SYDNEY/NEW YORK (Reuters) – Asian stocks dithered on Wednesday as an increase in coronavirus cases in some parts of the world undermined prospects for a quick economic recovery while oil prices eased on oversupply fears.

European futures weakened with those for Eurostoxx 50 and Germany’s DAX down 0.7% each. London’s FTSE futures slipped 0.85%.

MSCI’s broadest index of Asia-Pacific shares outside Japan inched up but was still lower than a 4-1/2-month high reached just on Tuesday.

Chinese shares flickered between green and red through most of the day and were last up 0.9%.

Australian shares ended 1.5% lower on renewed fears about the coronavirus pandemic after a rise in cases in the country’s second biggest city.

New Zealand finished 0.3% lower while South Korea was off 0.2%. Japan’s Nikkei fell 0.8%.

E-mini futures for the S&P 500 declined 0.25%.

Overnight, U.S. stocks fell, halting a five-day winning streak by the benchmark S&P 500 index, its longest this year and driven by better-than-expected economic data.

Following the recent rally, the declines looked like a consolidation, with the markets largely in “wait and see mode” ahead of the upcoming earnings session, said NAB economist Tapas Strickland.

Second-quarter earnings season will begin in earnest from next week.

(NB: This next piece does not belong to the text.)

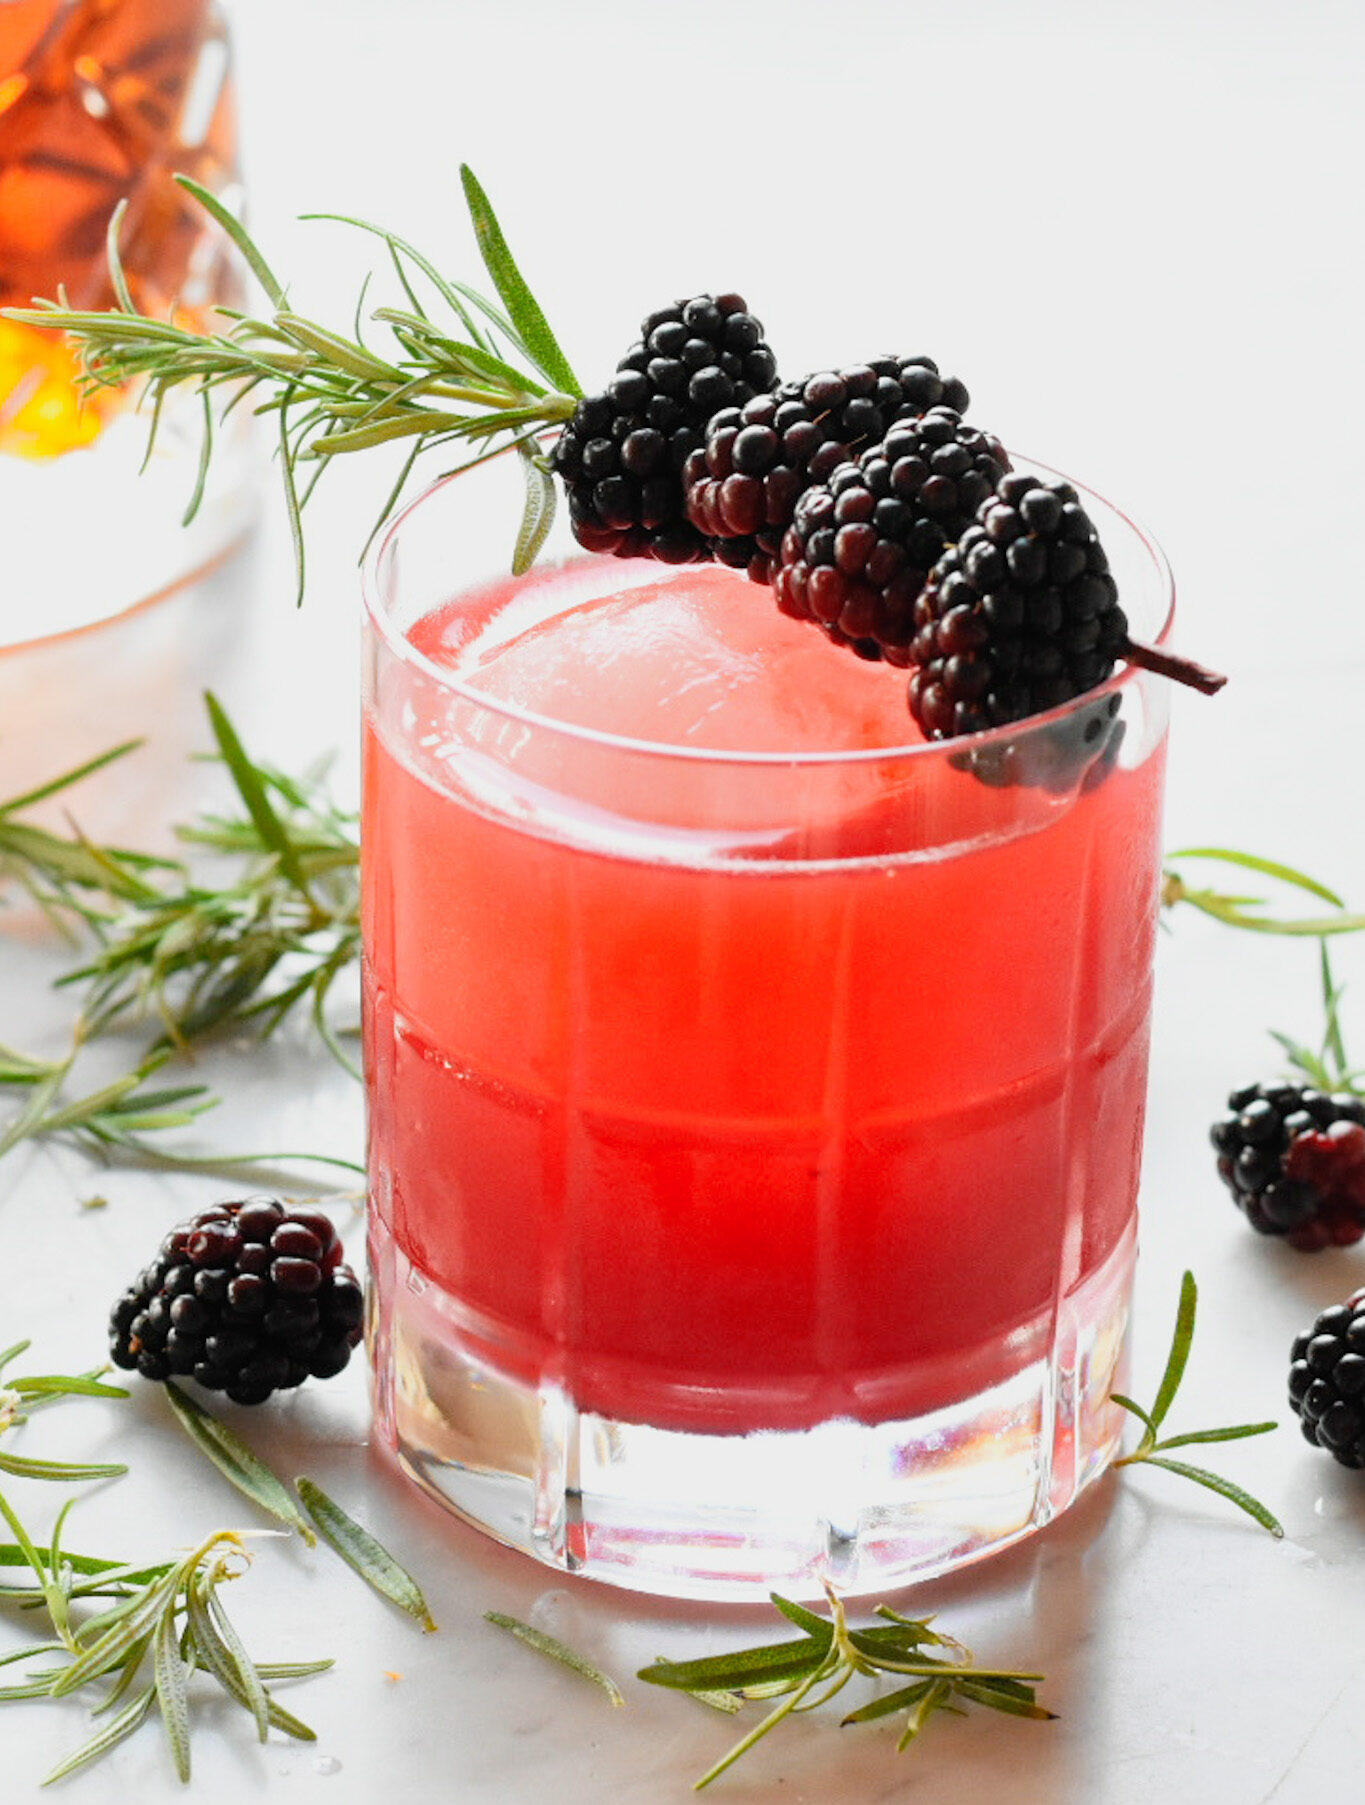 Blackberry bourbon sour in a glass with rosemary and blackberry garnish

“It will be important to watch the number of U.S. deaths in coming weeks and whether greater questions will be asked about the extent of necessary restrictions,” Strickland said.

California reported more than 10,000 coronavirus cases on Tuesday, a record rise for a single day that also surpassed the number of contact tracers recently trained by the state to detect and prevent potential outbreaks.

Coronavirus cases were also on the rise in the Australian state of Victoria, which led to lockdown measures being reimposed in Melbourne, the country’s second-biggest city.

“The second wave of infection will see Victorian economic activity fall sharply and it will continue to lag the rest of Australia,” said NAB economist Kaixin Owyong.

Victoria makes up around a quarter of Australian economic activity, she said.

Citi analysts predicted global equities would hang around current levels in twelve months’ time.

“We expect bullish and bearish forces to cancel each-other out,” they said in a note. “We would not chase markets higher from current levels, but would prefer to wait for the next dip.”

Citi has “overweight” positions on U.S. and Emerging Markets equities.

Most major currencies were trapped in a range.

The U.S. dollar was flat on the Japanese yen at 107.52.

The risk sensitive Australian and New Zealand dollars were a shade weaker at $0.6936 and $0.6541, respectively.

The euro was barely changed at $1.1272.

In commodities, gold hovered near a recent 8-1/2 year peak as investors preferred safe-haven assets. Spot gold was last flat after two straight days of gains at 1,794.1 per ounce.

Brent crude futures fell 11 cents, or 0.28%, to $42.96 a barrel. U.S. West Texas Intermediate (WTI) crude futures slipped 15 cents, or 0.15%, to $40.47 a barrel.